Introduction: Since the late eighties to early nineties, we have experiencing more and more people with an interest in D/s and SM. Some of those folks just want to dip their toes in the pool of SM, while others are diving right in.

All this new interest has left many of our older, more experienced SM practitioners shaking their collective heads; asking what has happened to the tight knit communities they once knew. Communities where it members were diverse but seemed to observe a similar set of ethics

My guess is, this sudden wide spread interest in SM can be attributed to the media and free press, each giving us entertaining images of SM and D/s  but with little thought as to the ethics of such activities.

In August of 1983 the ‘Gay Male SM Activists adopted the motto of safe sane and consensual (SSC) as part of their mission statement. It wouldn’t be long before SSC became the guideline for the ethical practice of SM. Some time later another acronym known as Risk Aware, Consensual Kink or RACK would become another popular choice in guiding our ethical SM practices.

What both of these ideals offered us was a way to make SM more palatable in the minds of a much broader audience. (If its safe sane and consensual then  it must be okay.) The other thing it did for us is it gave us a basis to work from as we engage in SM activities with others, but what about outside the dungeon? What ideals are in place to help guide and direct us in our interactions with others within the larger community?
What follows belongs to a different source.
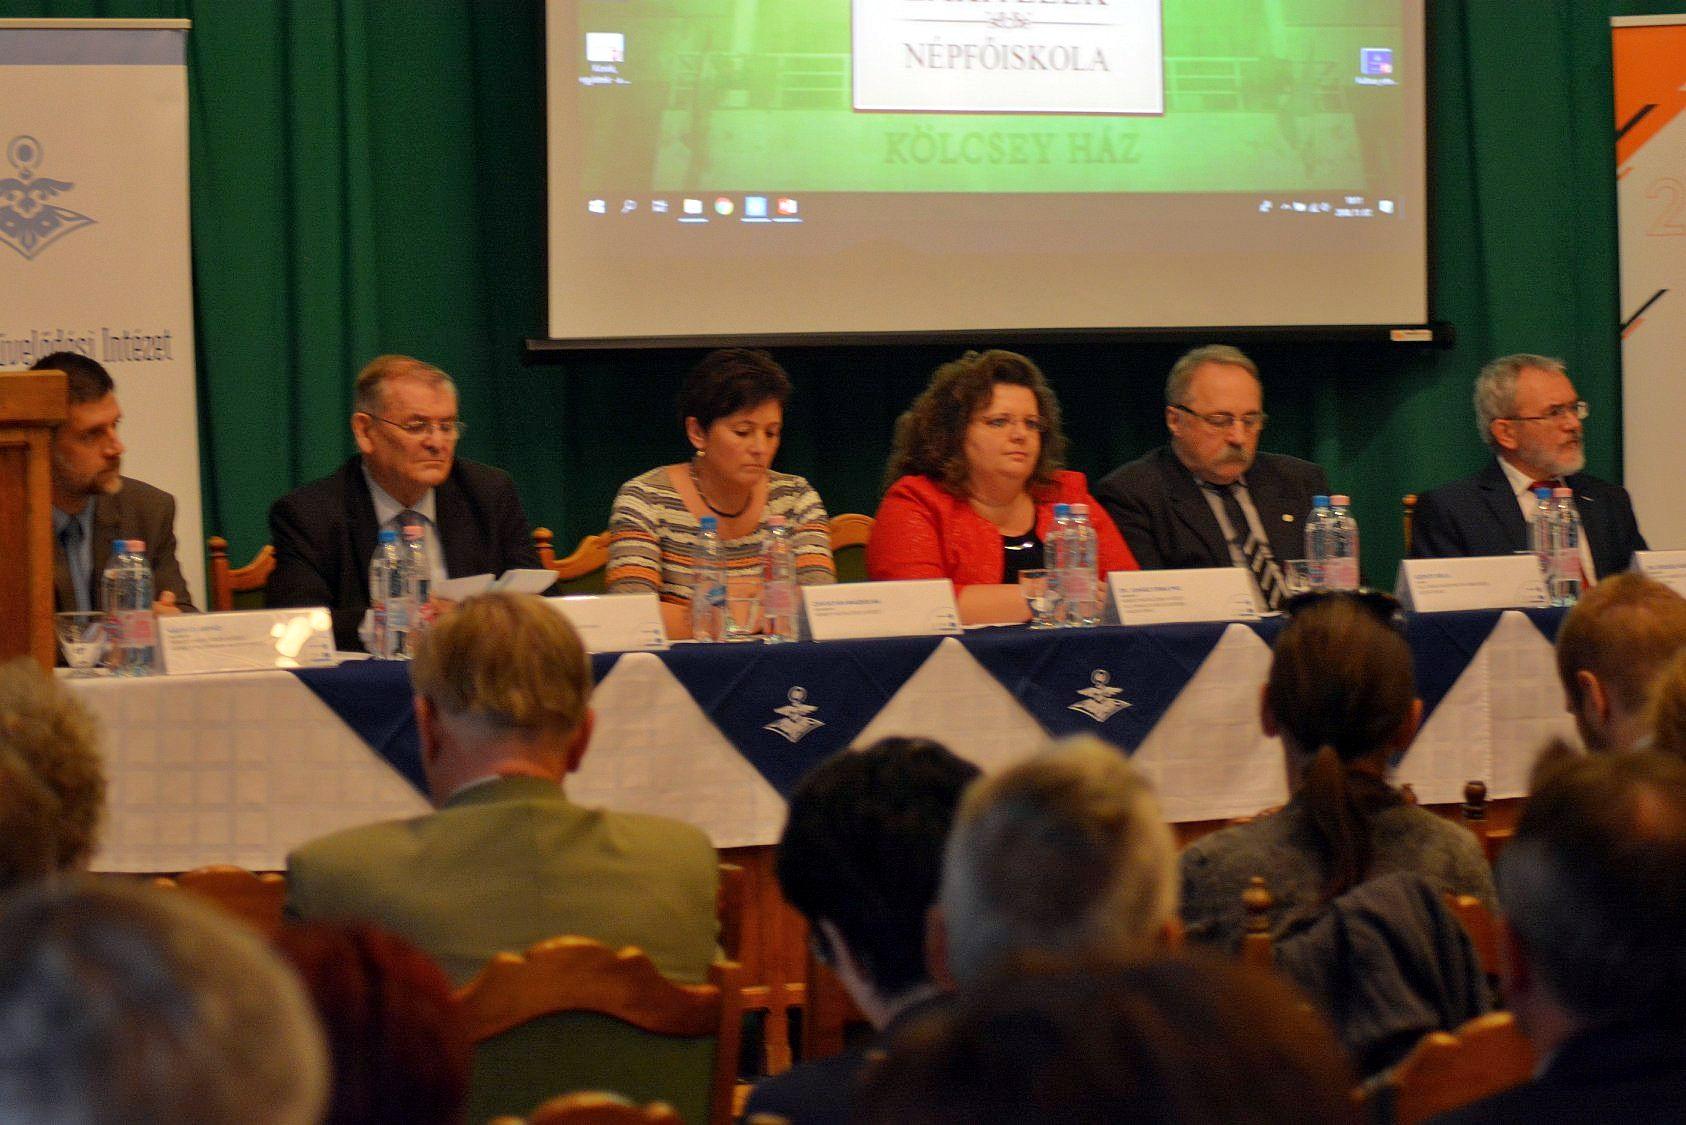 Az érték a motiváció: közel kétszáz résztvevővel zajlott a jubileumi konferencia

ETHICS AND ETHICAL BEHAVIORS: We define ethics as a set of ideals that guide and direct us in our interactions with others. In addition, ethical behaviors are those interactions that a group, organization and community finds acceptable.  They may establish standards of ethical behaviors as away of controlling the way in which its members interact and as a way to keep the group or organization and its members safe. By following a set of ethical standards it allows its members to reap the benefits of belonging.

Most families, groups and organizations within the BDSM community are formed by people who share similar ethics and core values. In an attempt to understand the ethics of a community we must first look at where our ethics originate.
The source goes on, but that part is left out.